Sitzen in der Schule
Eine passive Lebensweise schadet der Gesundheit. Das wissen wir, aber viele Details dieses Zusammenhangs sind noch unbekannt. Zusammen mit Lehrern und Schülern entwickelt nun ein Wissenschaftler-Team vom MDC verbesserte Methoden, um Inaktivität im Alltag besser zu erfassen.
Der moderne Mensch wird im Alltag häufig zu körperlicher Inaktivität gezwungen. In Bürojobs verbringen wir häufig Stunden nahezu bewegungslos vor dem Bildschirm und am Abend entspannen wir vor dem Fernseher. Auch Kinder werden dazu angehalten, möglichst lange stillzusitzen. Dabei hängt ein körperlich passiver Lebensstil mit Krankheiten zusammen, zum Beispiel Diabetes, Fettleibigkeit oder vielen Herz-Kreislauf-Erkrankungen.
Um den Risikofaktor „körperliche Inaktivität“ in der Bevölkerung zu erfassen, müssen geeignete Methoden entwickelt werden. Dieser Aufgabe stellt sich das Wissenschaftler-Team um Prof. Tobias Pischon, das sich schon im Rahmen der Großprojekts „Nationale Kohorte“ an der Untersuchung der Lebensgewohnheiten vieler Tausend Menschen beteiligt. Das Team will nun das Sitzverhalten von Kindern und Jugendlichen erforschen und entwickelt dafür ein System zur Erfassung von körperlicher Betätigung über einen längeren Zeitraum. Das besondere an der Studie: Die Wissenschaftler arbeiten mit Lehrern und Schülern von vier Berliner Schulen zusammen – dem Andreas-Gymnasium, dem Robert-Havemann-Gymnasium, dem OSZ Gesundheit und dem Georg-Büchner-Gymnasium.

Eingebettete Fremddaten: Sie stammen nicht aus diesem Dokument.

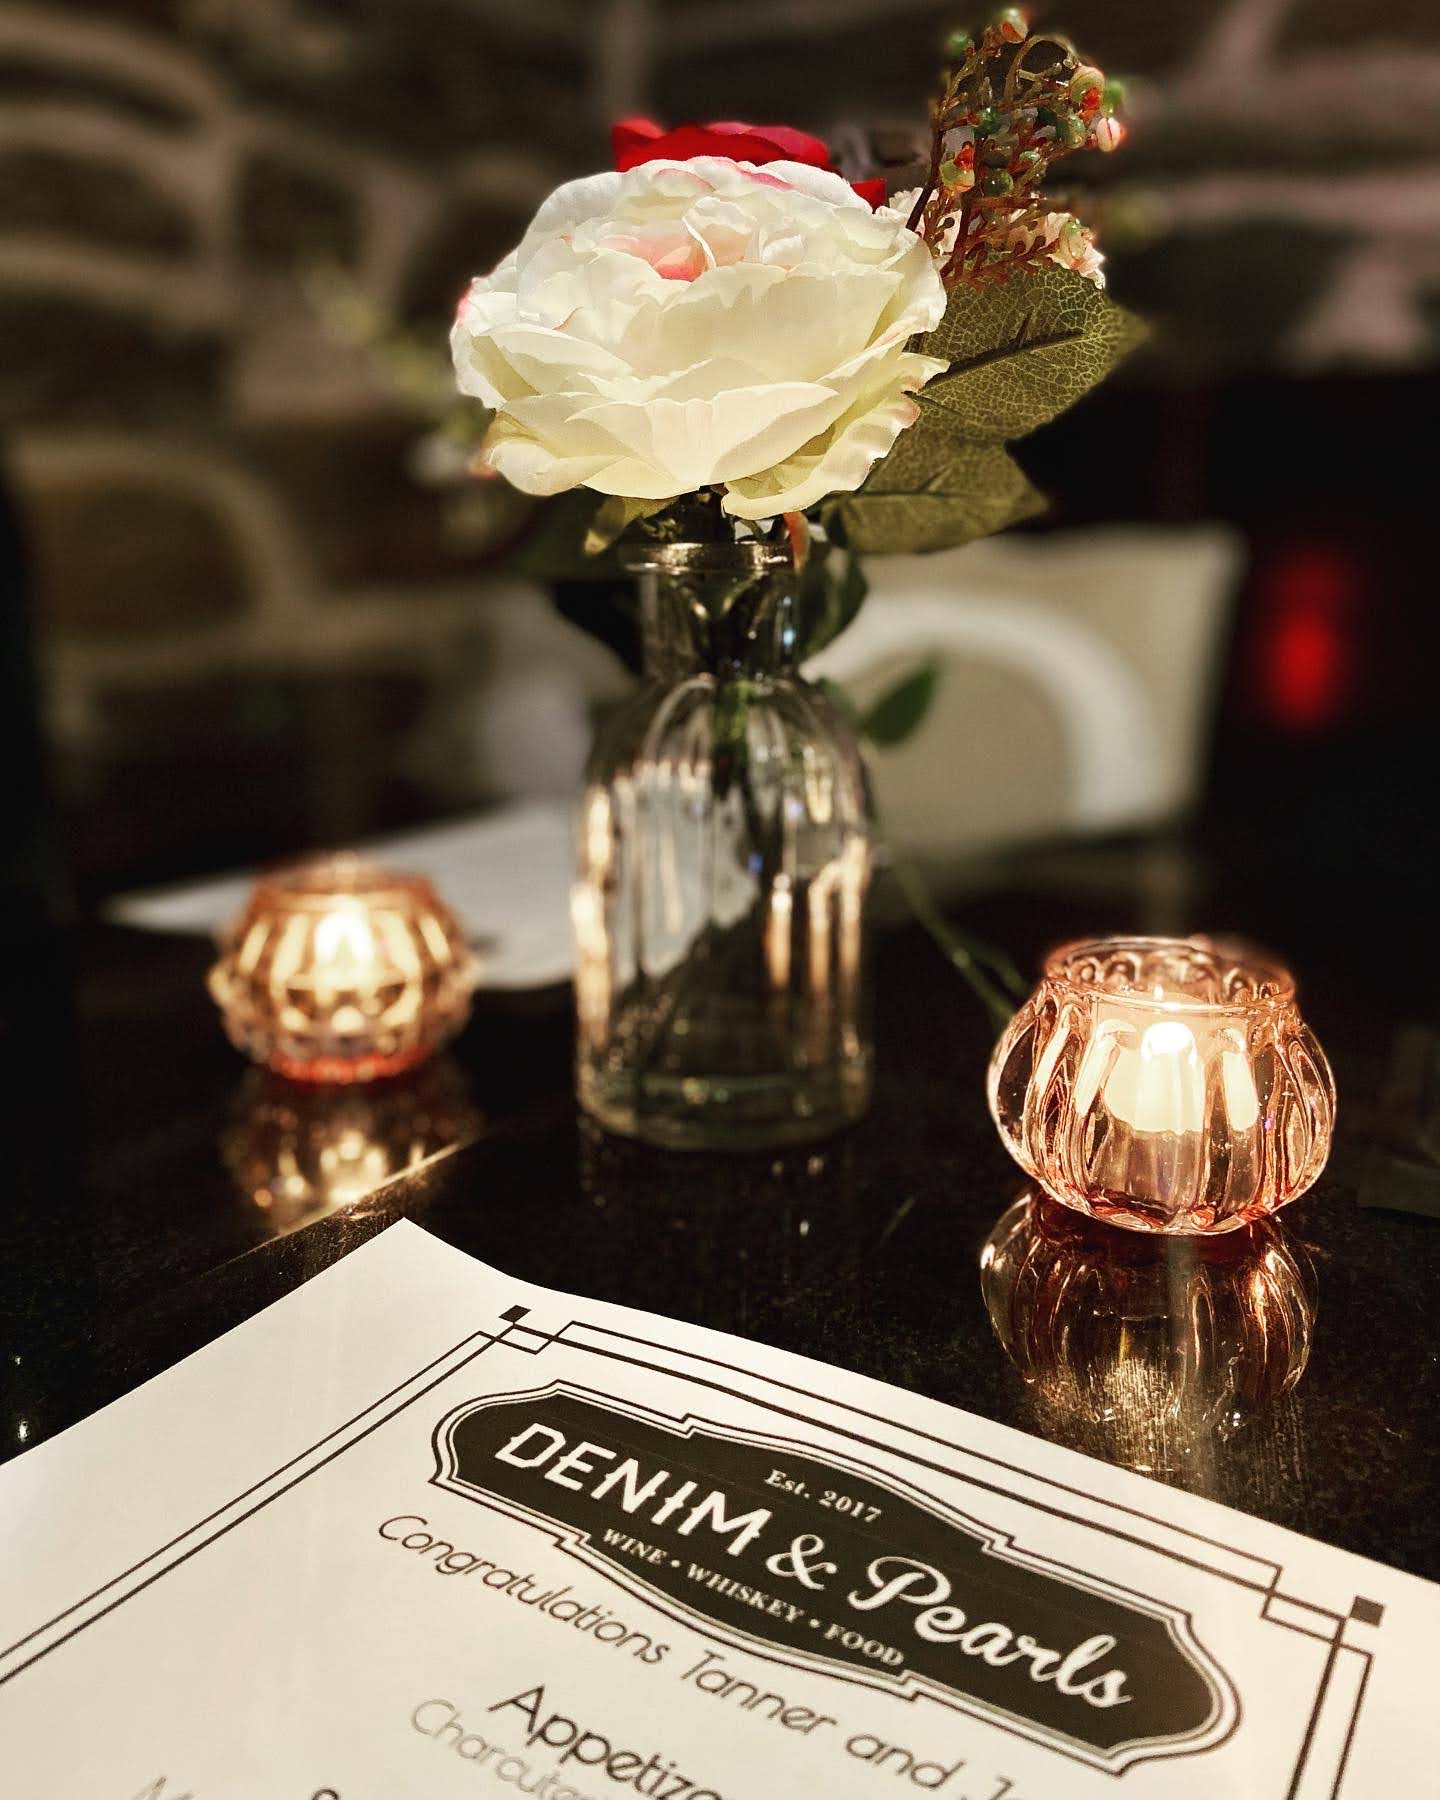 Denim & Pearls Restaurant, Flower decoration on the table

Die Datenbasis für die Studie liefern Bewegungs- und Beschleunigungssensoren, die an Oberschenkel und Gürtel der freiwilligen Probanden eine Woche lang jede Bewegung aufzeichnen. Die Forscher werten die Daten anschließend pseudonymisiert aus und stellen sie den Probanden wieder zur Verfügung.

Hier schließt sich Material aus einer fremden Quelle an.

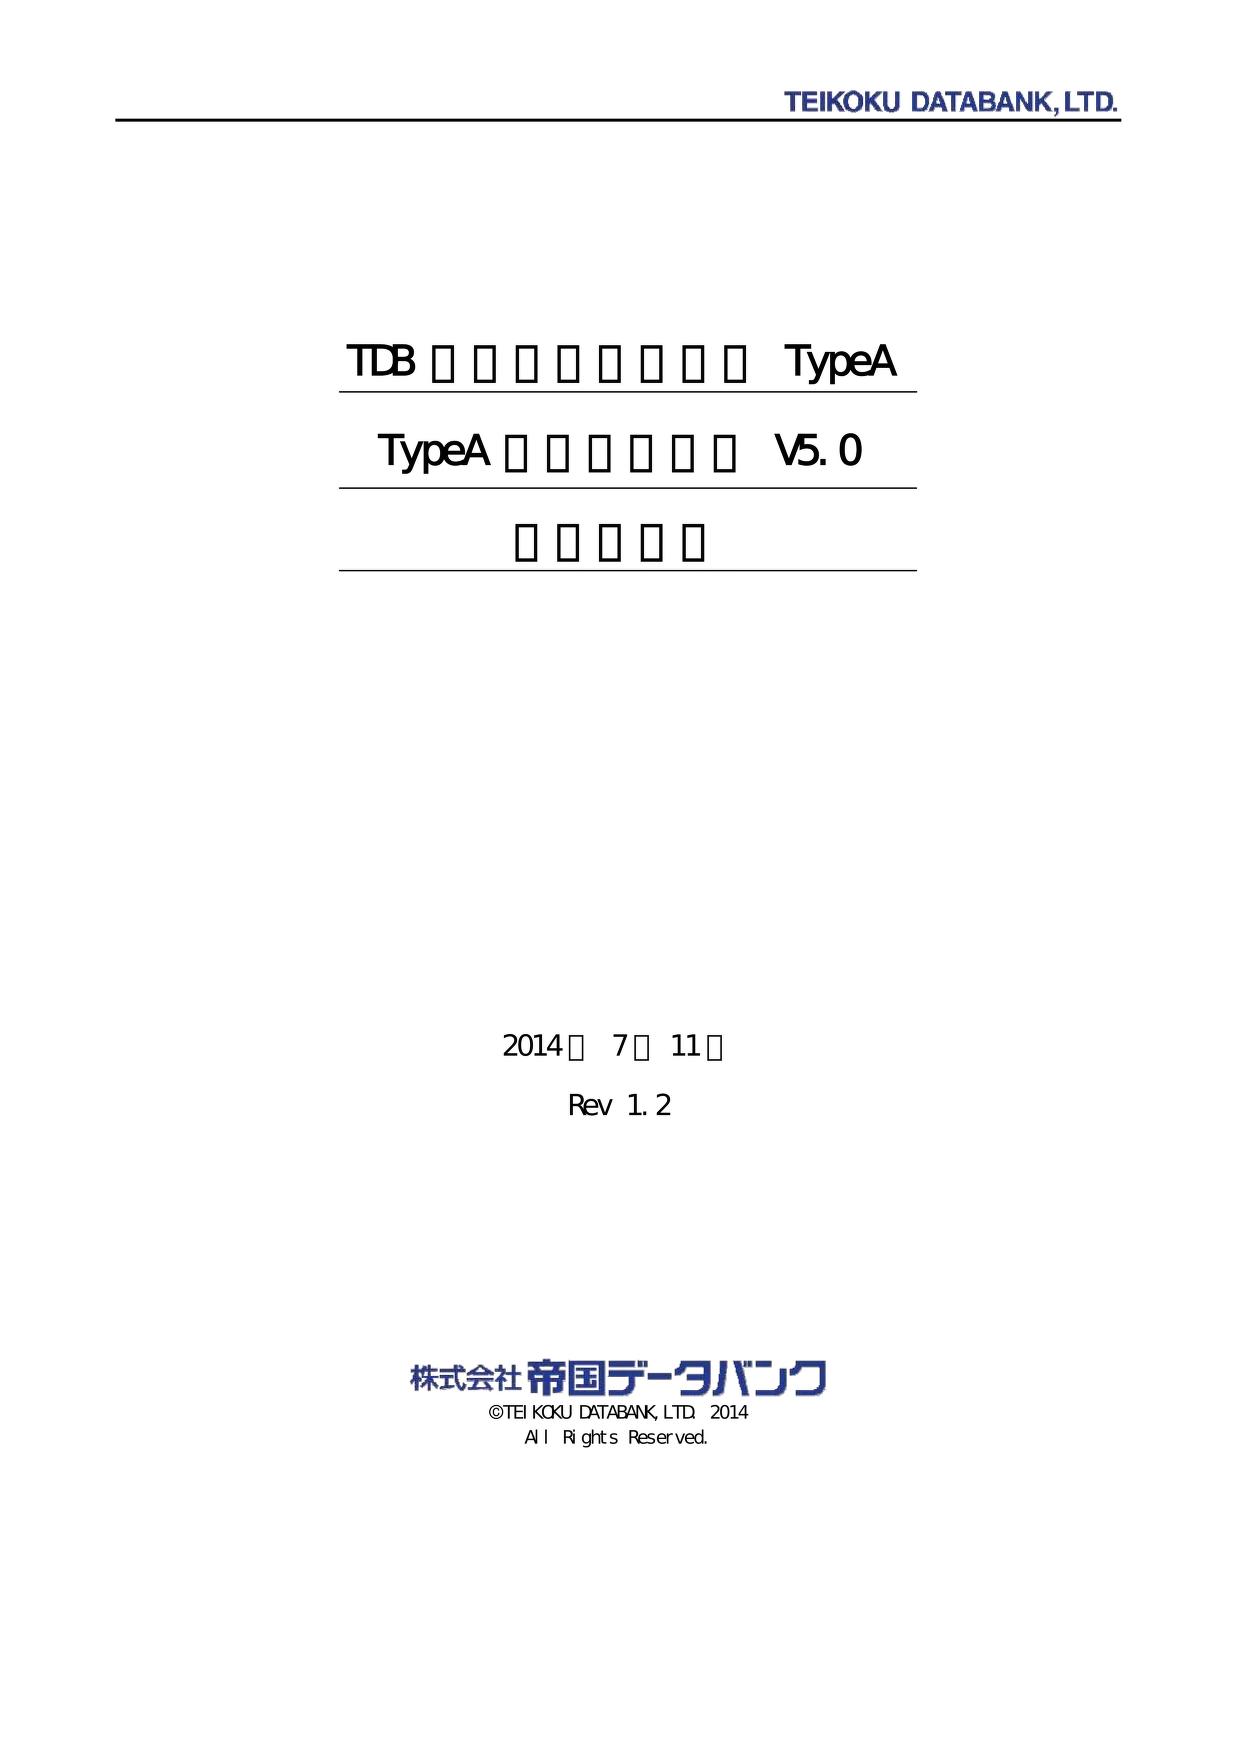 TDB 電子認証サービス TypeA TypeA ご利用ソフト V5.0 取扱説明書

Anders als in vergleichbaren Studien, spielen die teilnehmenden Lehrkräfte hier eine aktive und entscheidende Rolle: zunächst wurden sie in der Durchführung epidemiologischer Studien fortgebildet, danach haben sie gemeinsam mit den Wissenschaftlerinnen und Wissenschaftlern einen Fragebogen entwickelt, der einen integralen Bestandteil der Studie darstellt, und abschließend werden sie an der Auswertung der Studie beteiligt sein. Mit diesen Erfahrungen werden die Lehrkräfte befähigt, später eigene Studien mit Schülerinnen und Schülern als Teil des Unterrichts durchzuführen. Das Projekt soll daher einen doppelten Nutzen haben: neben der Gewinnung wertvoller Daten geht es um die direkte Vermittlung von moderner Wissenschaft. Kinder und Jugendliche sollen, so hoffen die Beteiligten, ein tieferes Verständnis für epidemiologische Studien entwickeln – und damit auch eine höhere Bewertungskompetenz.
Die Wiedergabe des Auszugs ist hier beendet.